Now in the IBSS, what is different is that we don’t have really a central storage. It just kind of depends on how we’re connecting. So we actually end up with different GTKs for each connection, unlike the access point being kind of that middle person to take care of storing those and distributing them. So you’d see a lot more key combinations where each computer has their own unicast pairwise transient key that they would have to share with each of the machines that they want to talk to as well as having their own GTK that they share between each of the machines. And again, that’s in this ad hoc or IBSS type of network. Now, I want to add one more note.
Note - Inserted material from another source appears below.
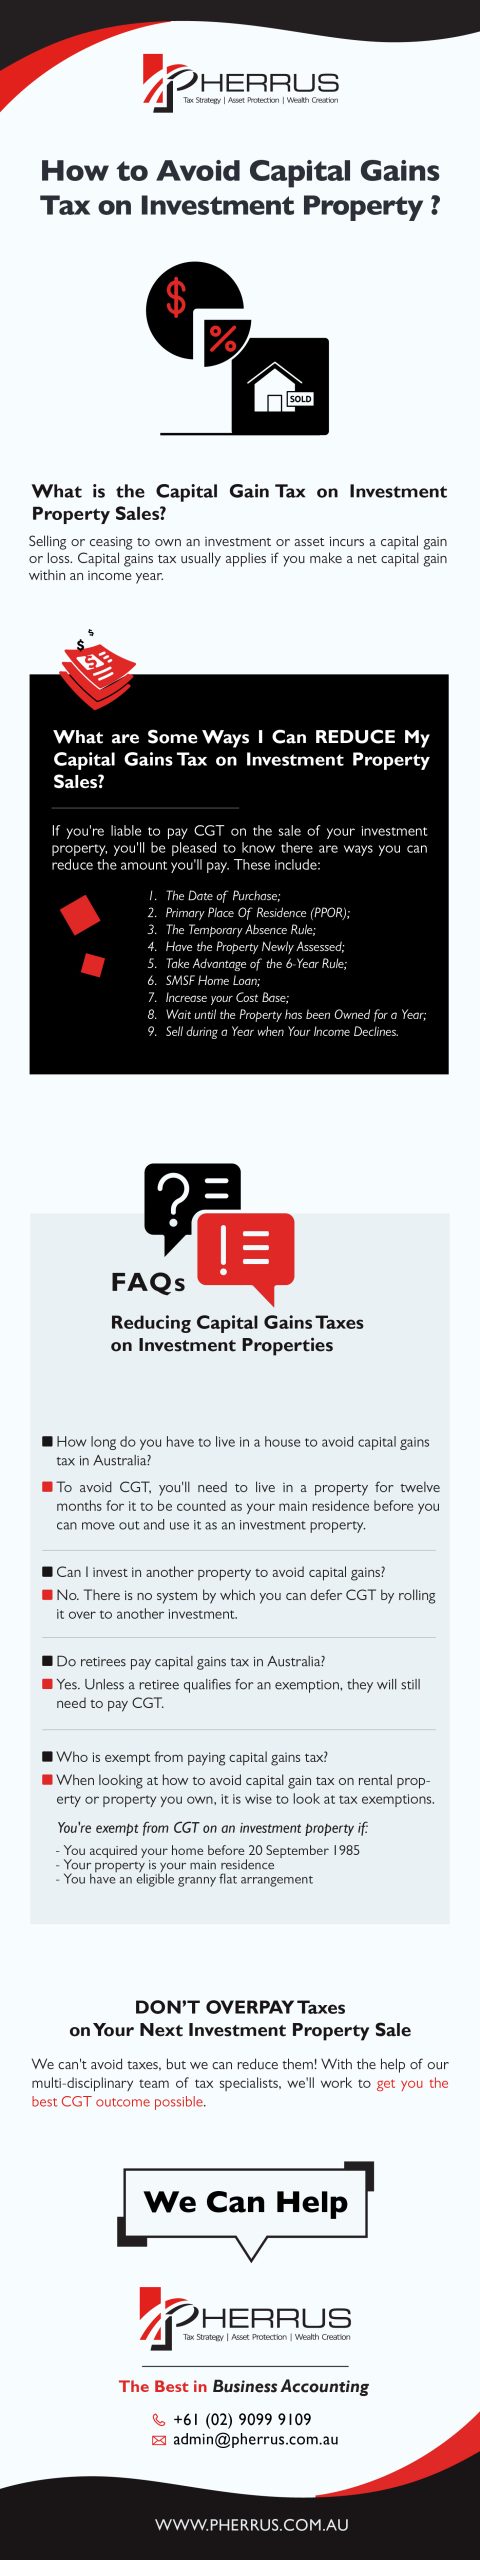 How to Avoid Capital Gains Tax on Investment Property Infographic

We are talking about an RSN, a robust security network, but we may be faced with a legacy network that we haven’t completely transitioned. So they do have this definition of what we call a TSN or a transition security network, meaning that we’re still doing a combination of the old legacy and the new RSN. And so it defines kind of the process as we slowly try to, let’s call it upgrade everyone into the RSN. So we do have, again, in the 800 and 211 I, we have a definition of that process of going from maybe the old method, like I said, to the new method.